This amazing woman has helped launch branded video on multiple platforms. The reason you see video on Facebook, Instagram, and on every magazine’s website today has a lot to do with her.
Liza Glucoft was just named the Executive Producer of Programming at Awesomeness TV (ATV). Liza has a long career- 10+ years- as a digital launcher!
She began as one of the first employees at Who What Wear where she launched branded video. She then became an early joiner to Popsugar as the Head of Fashion & Beauty, Video and launched their live show. Following her success there, Liza was asked to be one of the first employees at Conde Nast Entertainment, which was created to launch video content across the magazine’s brand, and she oversaw video across all the main titles (except Golf). Liza then became the Head of Video at Thrive Market before launching her own production company where she completed video content for clients including Nestle, ATV, Conde Nast, Darby Smart and more!
In addition, Liza recently sold two pilots to Gunpowder & Sky, one if which was jointly then sold to Facebook for their new Spotlight Program (premiered this September called That Detox Life) Liza has not only been of the early adopters of digital entertainment, she has been leading the content revolution across digital for more than a decade.
Liza talks with us about the power of micro-influencers, her typical busy day, and how to break into this part of the industry.
Q&A with Liza Glucoft
Did you know when you started in digital that influencers would have the type of power they have today?
When I started in digital, it was at Who What Wear and it was still a time when fashion editors and celebrities were dictating trends; however, it was right when the blogger movement was starting to happen. So there was beginning to be a sense that people other than celebrities could hold influence over their peers.
How do you find influencers for the programs you produce for AwesomenessTV and the shows you create?
AwesomenessTV has its own influencer network it pulls from, but, in reality, all these YouTubers are friends, so occasionally we pull from outside the network. How we cast is purely based on a familiarity with the style of each influencer and what content they’re best suited for. We always want it to resonate with them and be authentic to their voice.
What’s your view on micro-influencers vs. celebrity influencers?
As the world becomes driven by search, share, and data, and our streams are surfacing what we like more and more (as opposed to contrary viewpoints), there is the possibility that micro-influencers will resonate more with their targeted demo than celebrities.
Who in your opinion is influencing your influencers?
Where are they getting the latest styles, trends, fashion tips from? I think they’re turning to traditional media less and less and turning more to their peer groups as well as strategic brands.
What separates an “influencer” from a ‘Creator” in your eyes?
Both can have massive numbers, but how do you measure who can take their platform and create a series with it?
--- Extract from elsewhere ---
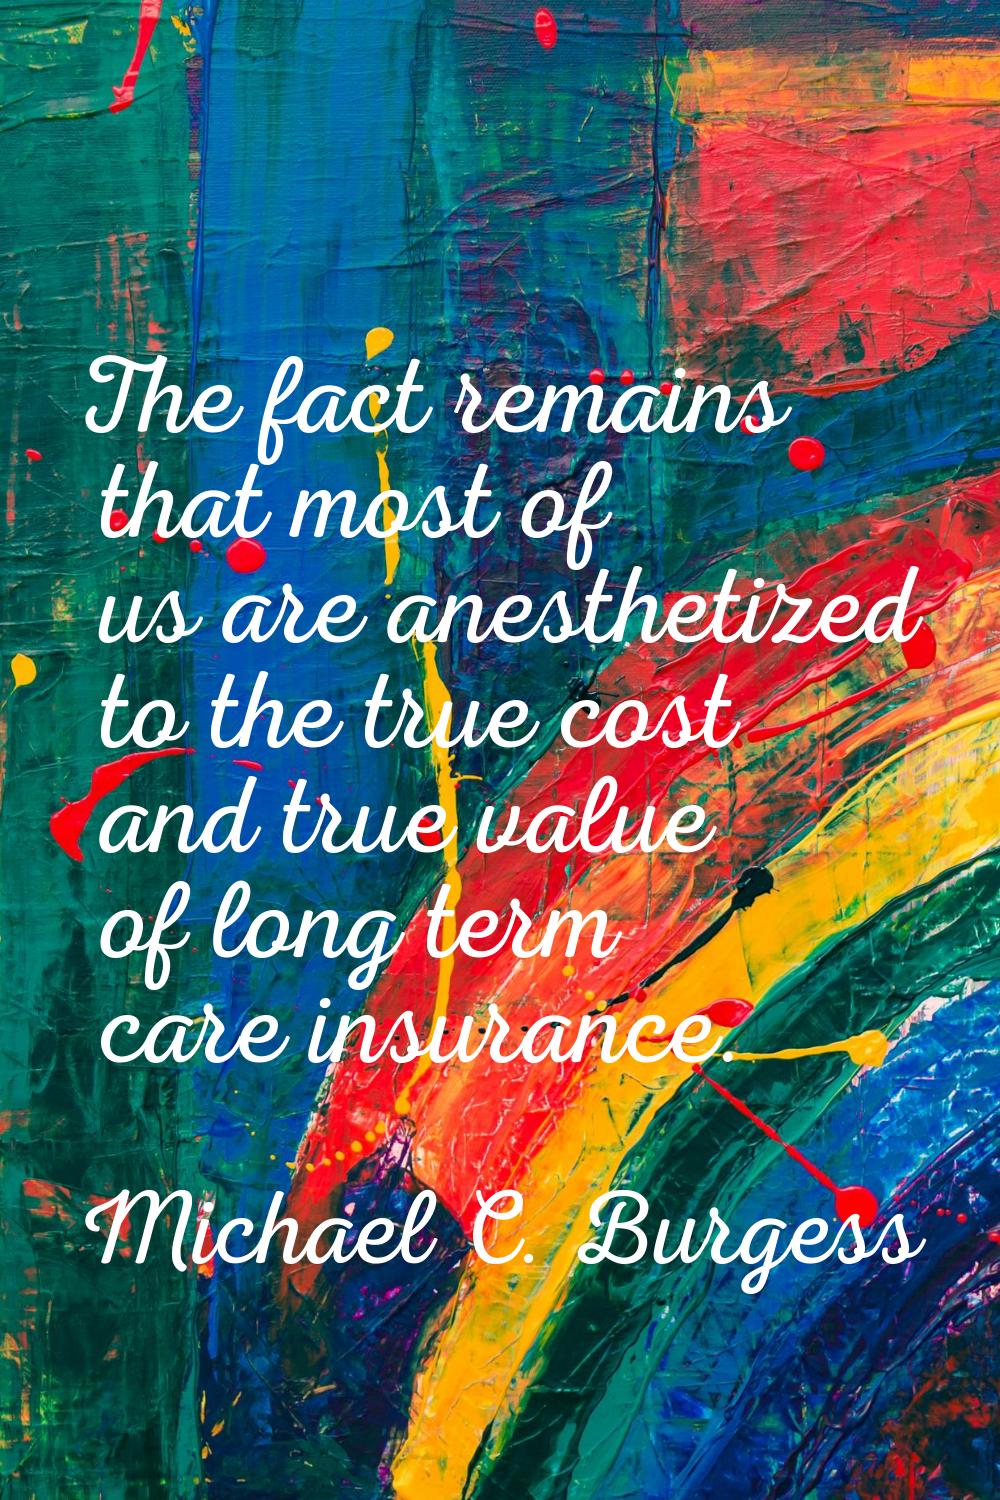 The fact remains that most of us are anesthetized to the true cost and true value of long term care
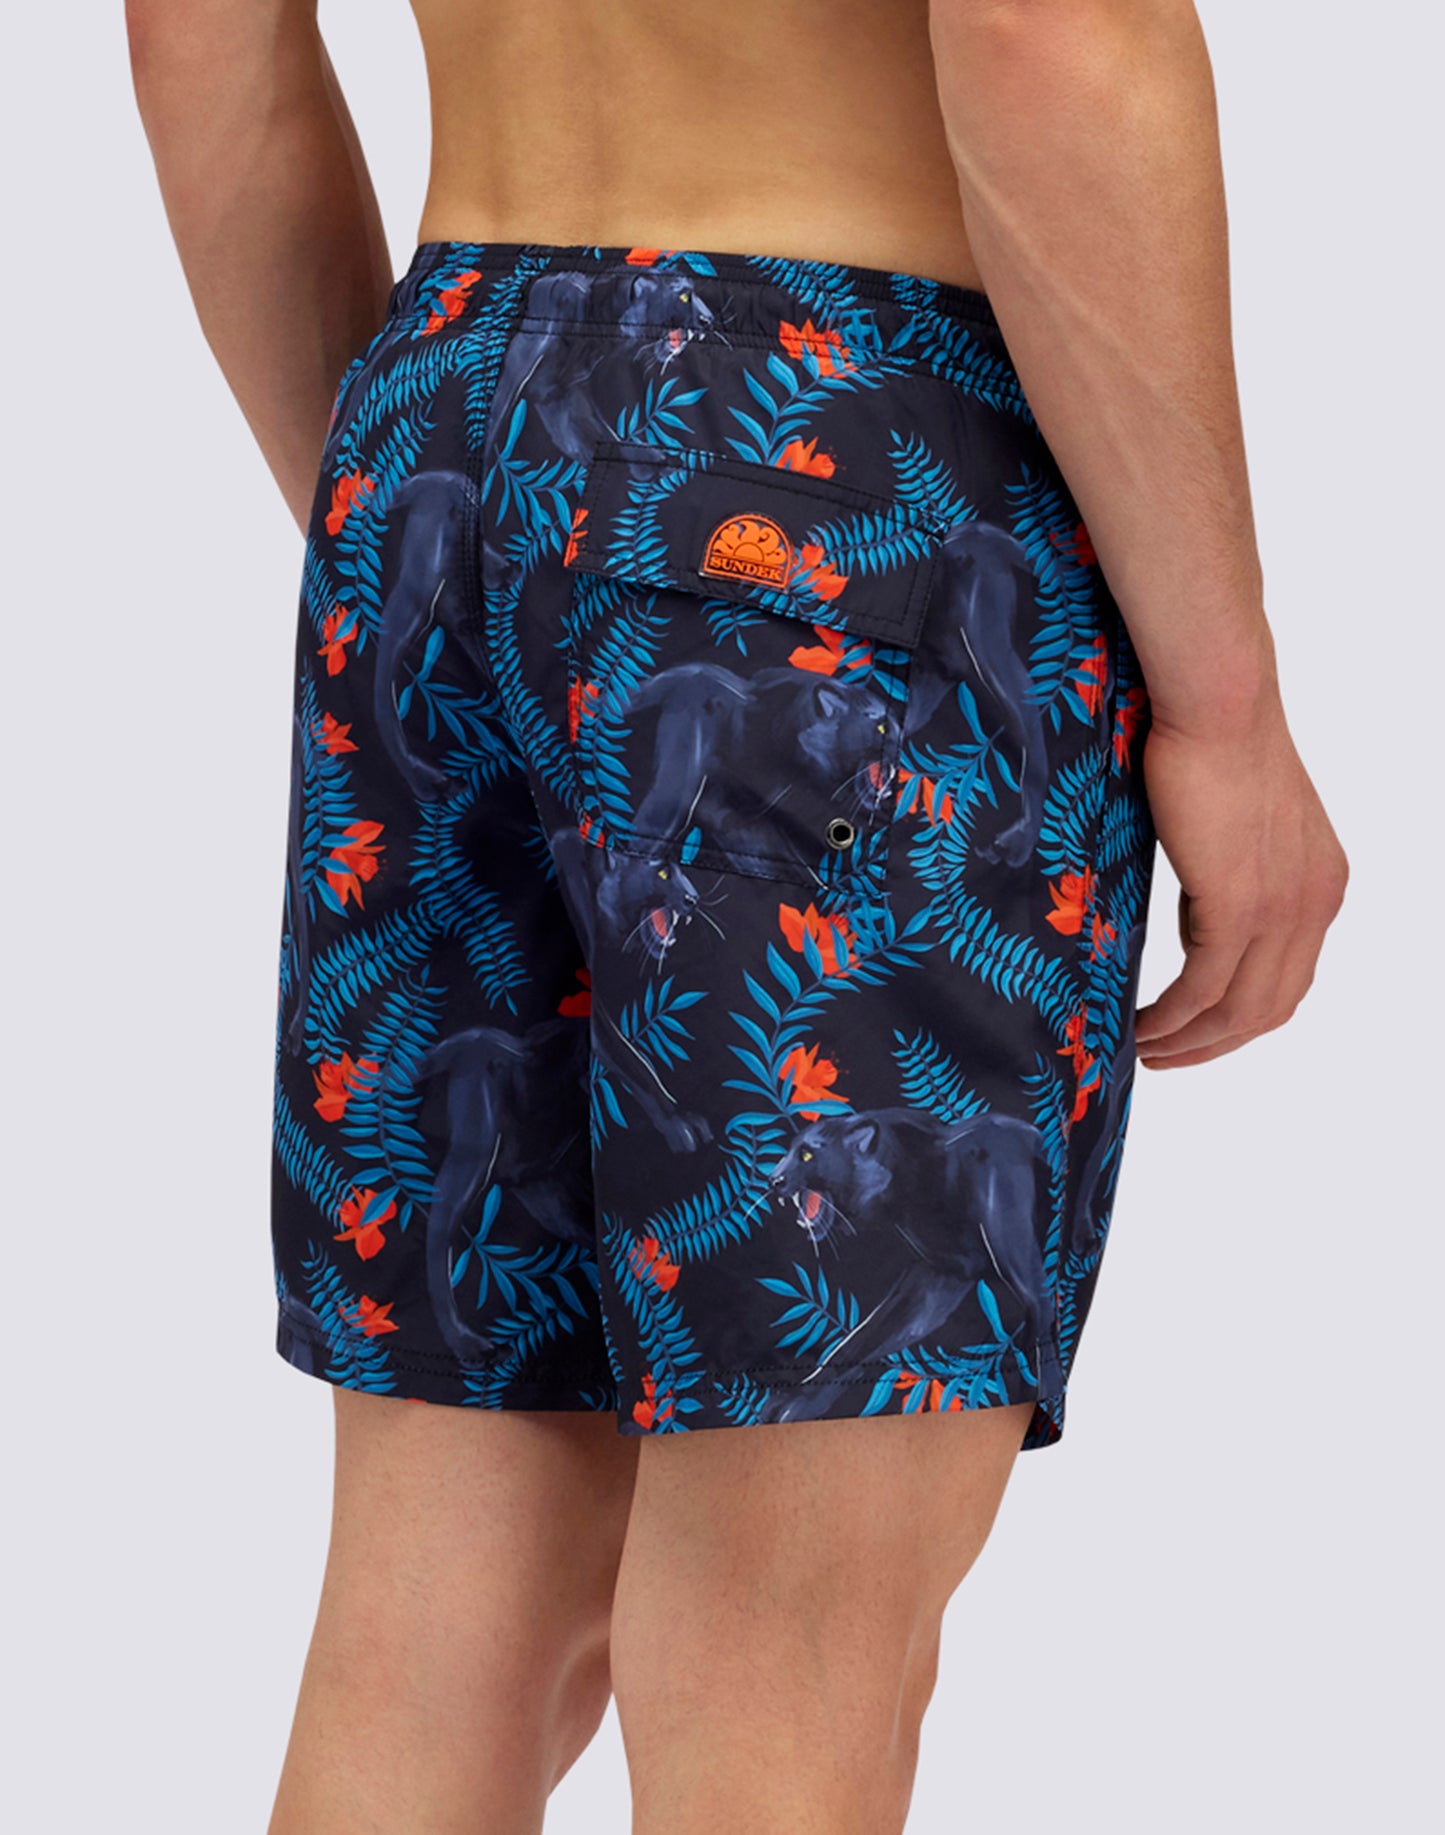 PANTHER PRINT MEDIUM SWIMSHORTS IN RECYCLED POLY

I guess the difference is that a creator is usually creating video content on their platform while an influencer can include bloggers and Instagrammers.
What does a typical day look like for you?
The amazing thing about production is there’s not really any typical day; it’s a constant rollercoaster of planning and putting out fires! At any given moment, I’m in preproduction, production, or post (or a combo of all three!) so I’m staffing up a show, developing the content, writing scripts, casting, setting up the look and feel, going on a location scout, having meetings, on set directing, sitting in the edit…The only constant is a workout every morning!
If you had any advice to share with other women breaking into the industry, what would it be?
Hustle, hustle, hustle. You also have to have a passion for your work so that you take pride in it and rise above the others. Your passion will push you through the tough times and keep you going. Resilience is really important!
Even when you are behind the scenes, it’s important to always look professional and be ready for anything. What are your go –to glam tips?
A cute pair of flats/sneakers. I’m always on my feet on set and need to be ready to do anything from moving set pieces to calling action.